Du Yun elected to American Academy of Arts & Sciences

Headshot of Du Yun
Photo: Zhen Qin; Makeup: Nina Carelli; Art Direction: SpaTheory

Composer and multidimensional faculty artist Du Yun was elected to the American Academy of Arts & Sciences this week alongside 250 members of the 2024 class. The artists, scholars, scientists and leaders in the new class are “recognized for their excellence and invited to uphold the Academy’s mission of engaging across disciplines and divides.”

“I’m very honored to receive this incredible recognition,” says Du Yun, whose Angel’s Bone received the 2017 Pulitzer Prize in Music. That opera, a potent exploration of sex trafficking and economic strife told through the harrowing experience of two fallen angels, brought to wider acclaim Du Yun’s visionary storytelling and emotional intensity, elements she’s honed in her creative output since: the opera Sweet Land (named Best New 2021 Opera by Music Critics Association of North America), chamber works (Air Glow, nominated for a Best Classical Contemporary Composition Grammy Award, 2019), orchestral works (such as the multimedia piece Where We Lost Our Shadows, performed and recorded by the Peabody Symphony Orchestra last year).

She’s picked up other prizes and awards along the way: a Guggenheim Fellowship (2018), the Berlin Prize (2021), a Creative Capital Award (2022), the Vilcek Prize in Music (2023), and the Harvard Centennial Medal (2023), to name a few. “How weird and odd to be a grownup! Enfant Terrible aside, I’m moved by the Academy’s commitment to honoring individuals from diverse fields of life, all dedicated to shaping our society,” Du Yun says. “So many fellows have been my role models and I wish I, too, could be one of the inspirations to our future generations. For now, I will still keep my own aspirations.”

The American Academy of Arts & Sciences was created in 1780 and, as stated in its charter, recognizes that the arts and sciences are “necessary to the wealth, peace, independence, and happiness of a people.” More than 14,500 members have been elected since, and the 2024 cohort includes distinguished scholars, researchers, and thinkers, as well as artists and writers exploring the diversity of life to which Du Yun refers, such as Dawoud Bey, Samuel R. Delany, Vijay Gupta, Janif Kureishi, Jhumpa Lahiri, and Walter E. Mosely.

Recently, Du Yun’s Ears of the Book, a pipa concerto co-commissioned by Carnegie Hall, Detroit Symphony Orchestra, and Philadelphia Orchestra, was premiered in New York and Detroit and slated to be performed by the Philadelphia Orchestra next season. Her new The Gates are (nearly) open, an open-air opera with a libretto by the late Beat poet ruth weiss[CQ], debuts at the Munich Biennale in June and the Austrian chamber orchestra Klangforum Wien performs Where We Lost Our Shadows at the Vienna Festival the same month. Before that, Du Yun and her avant-pop outfit OK Miss play the Bang on a Can Long Play 2024 festival over the May 3 through 5 weekend throughout Brooklyn, NY.

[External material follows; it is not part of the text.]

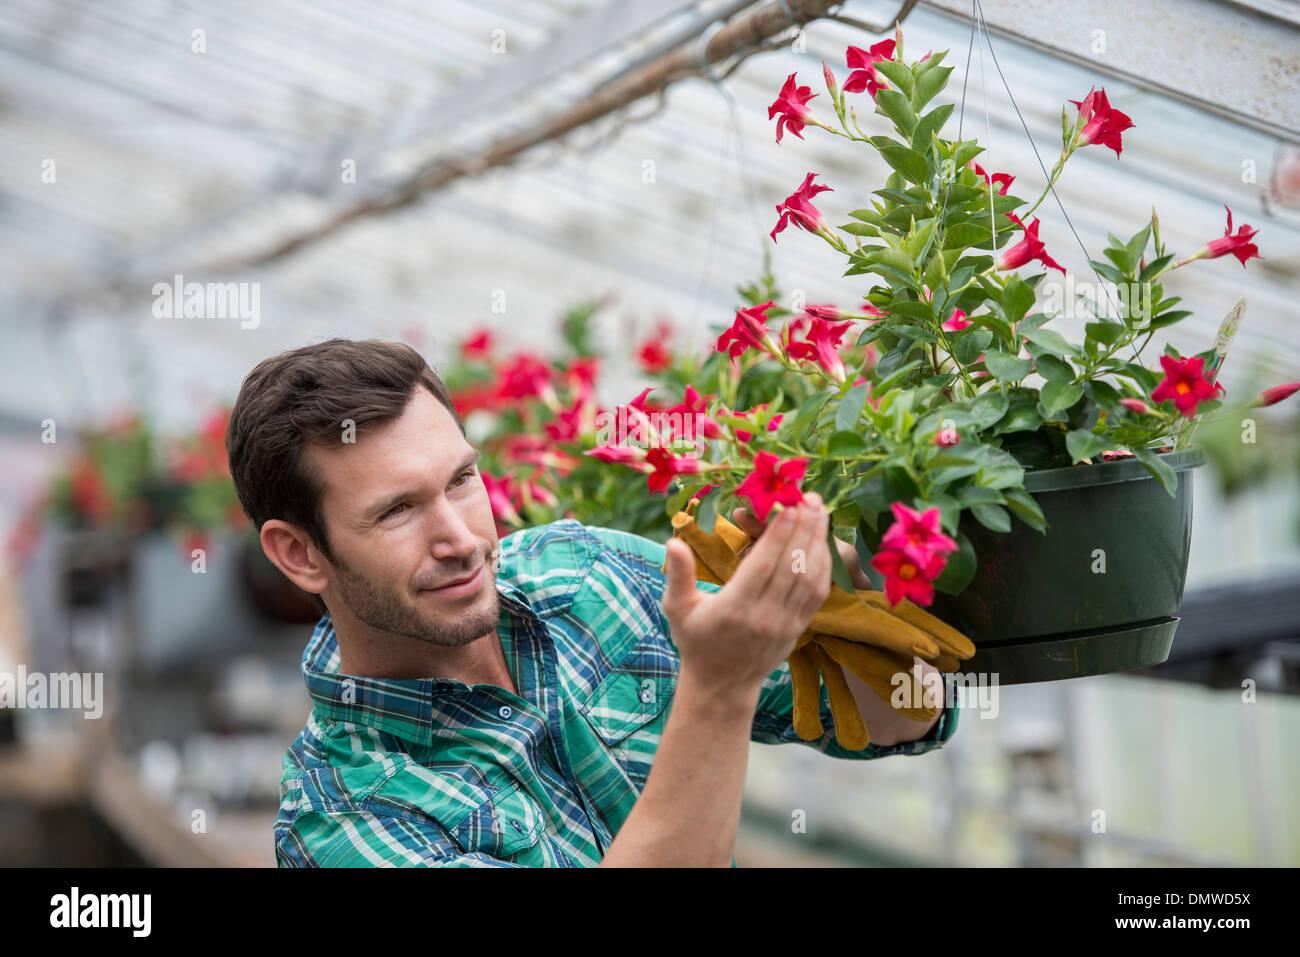 An organic flower plant nursery. A man checking  hanging baskets. - Stock Image

She also travels this summer as part of her FutureTradition initiative that brings together a team of artists, scholars with regional oral traditional artists, and practitioners to create new works.  “I’m looking forward to working with first-generation school children in the Yunnan region in China, working with the Yunnan Rainforest Conservation Foundation. We will bring together revitalizations of oral traditions in a sustainable environment.

“Last but not the least, I’m very looking forward to two recording releases with our Peabody orchestra, under Marin Alsop and Joseph Young.”